▸ **EXERCISE OBJECTIVE**
Include the line containing "Untitled Goose Game On Steam" and every line after it up to the end of the material below; reproduce them exactly and drop the pictures.

▸ **DATA**
[Start of Attachment]
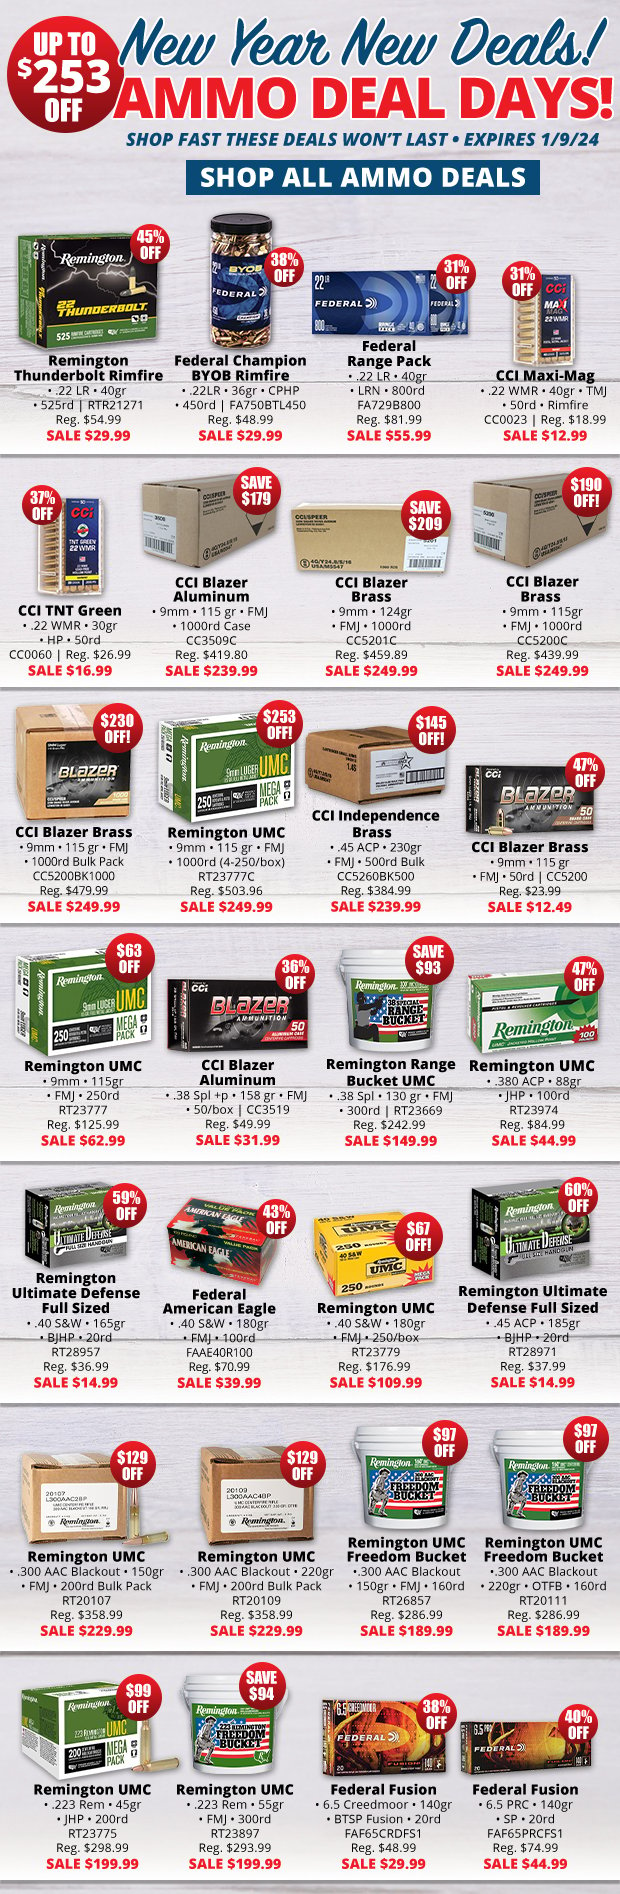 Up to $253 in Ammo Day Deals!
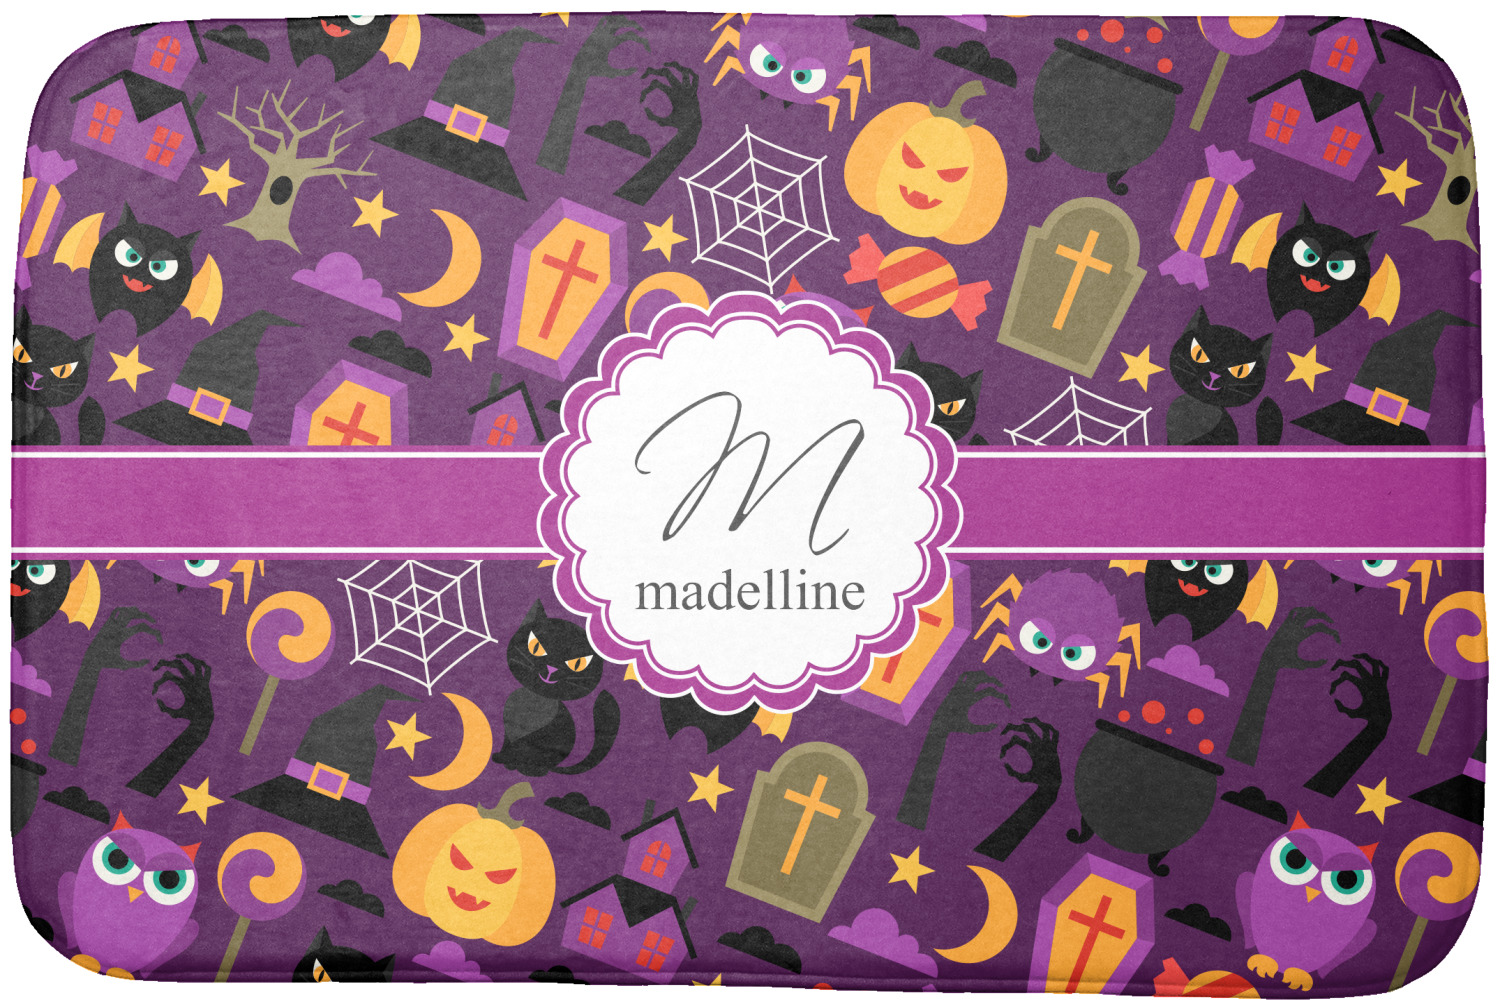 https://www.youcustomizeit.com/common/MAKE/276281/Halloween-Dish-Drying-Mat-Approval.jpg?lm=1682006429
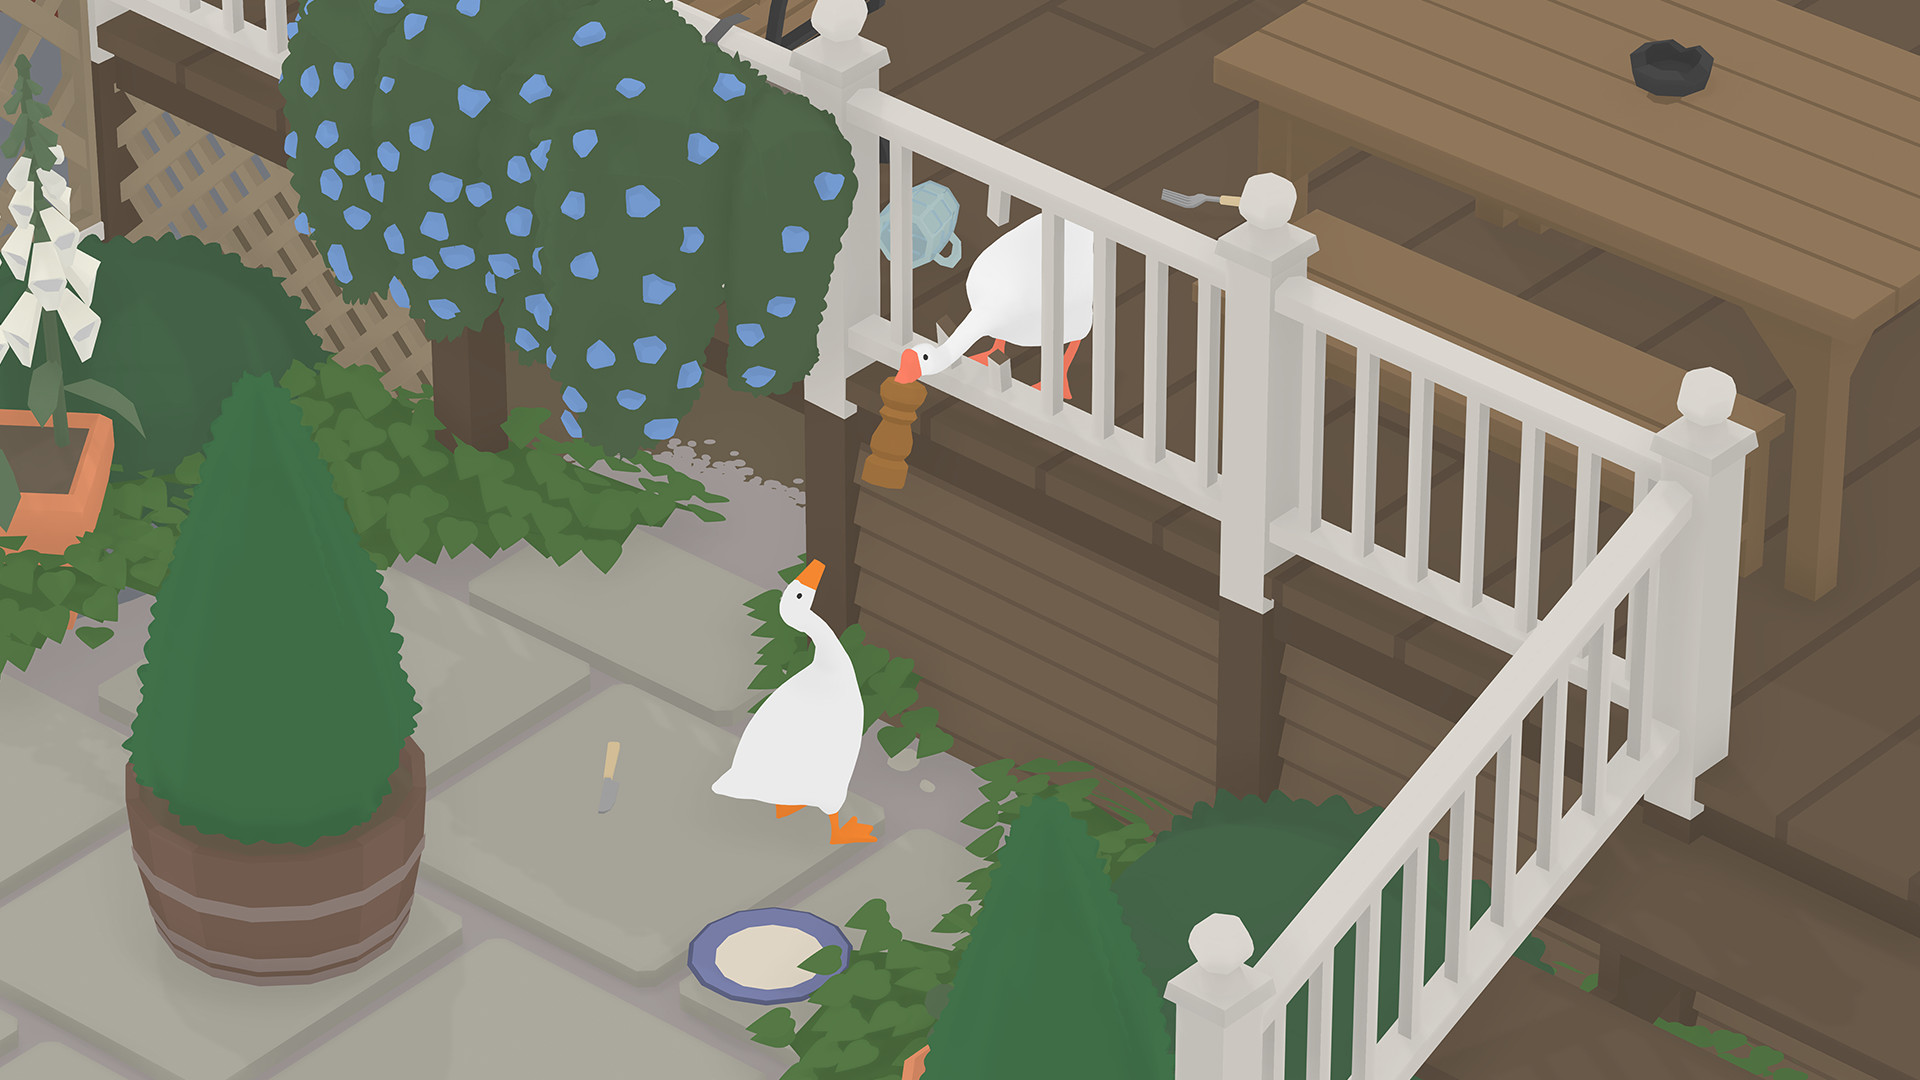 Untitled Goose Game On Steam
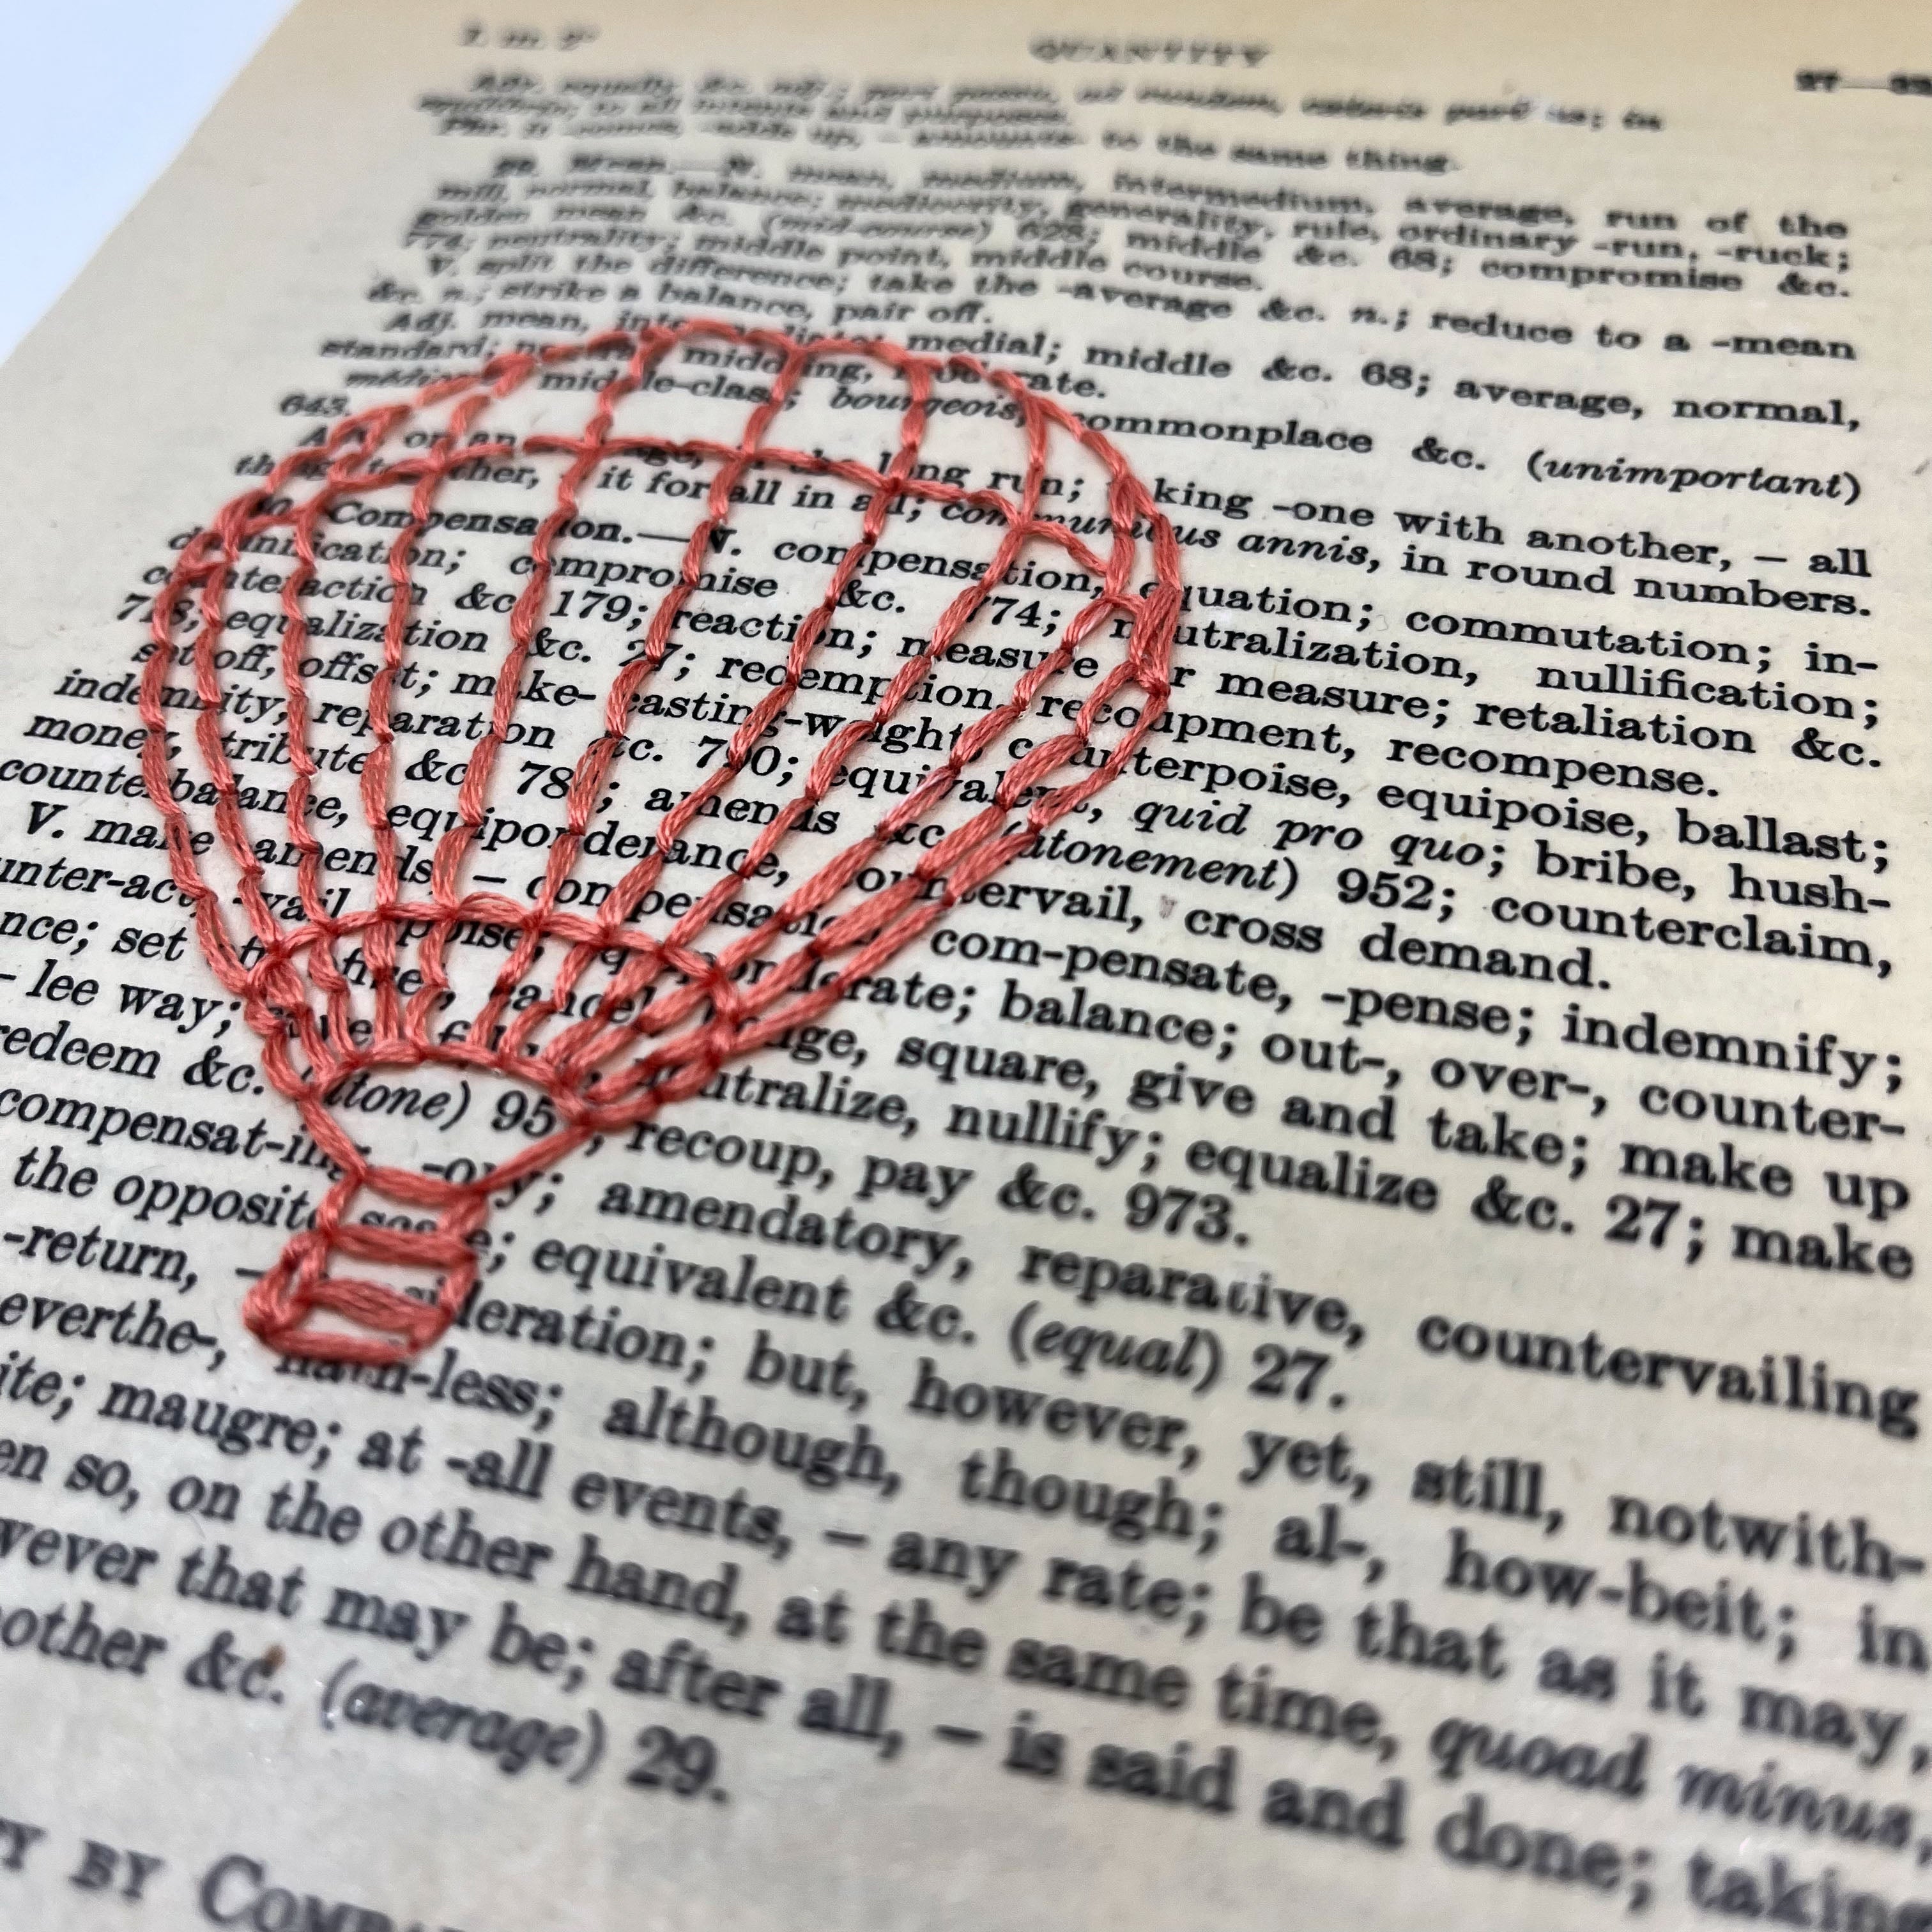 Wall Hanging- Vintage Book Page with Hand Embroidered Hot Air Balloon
[End of Attachment]
▸ **EXERCISE RESULT**
 Untitled Goose Game On Steam
 Wall Hanging- Vintage Book Page with Hand Embroidered Hot Air Balloon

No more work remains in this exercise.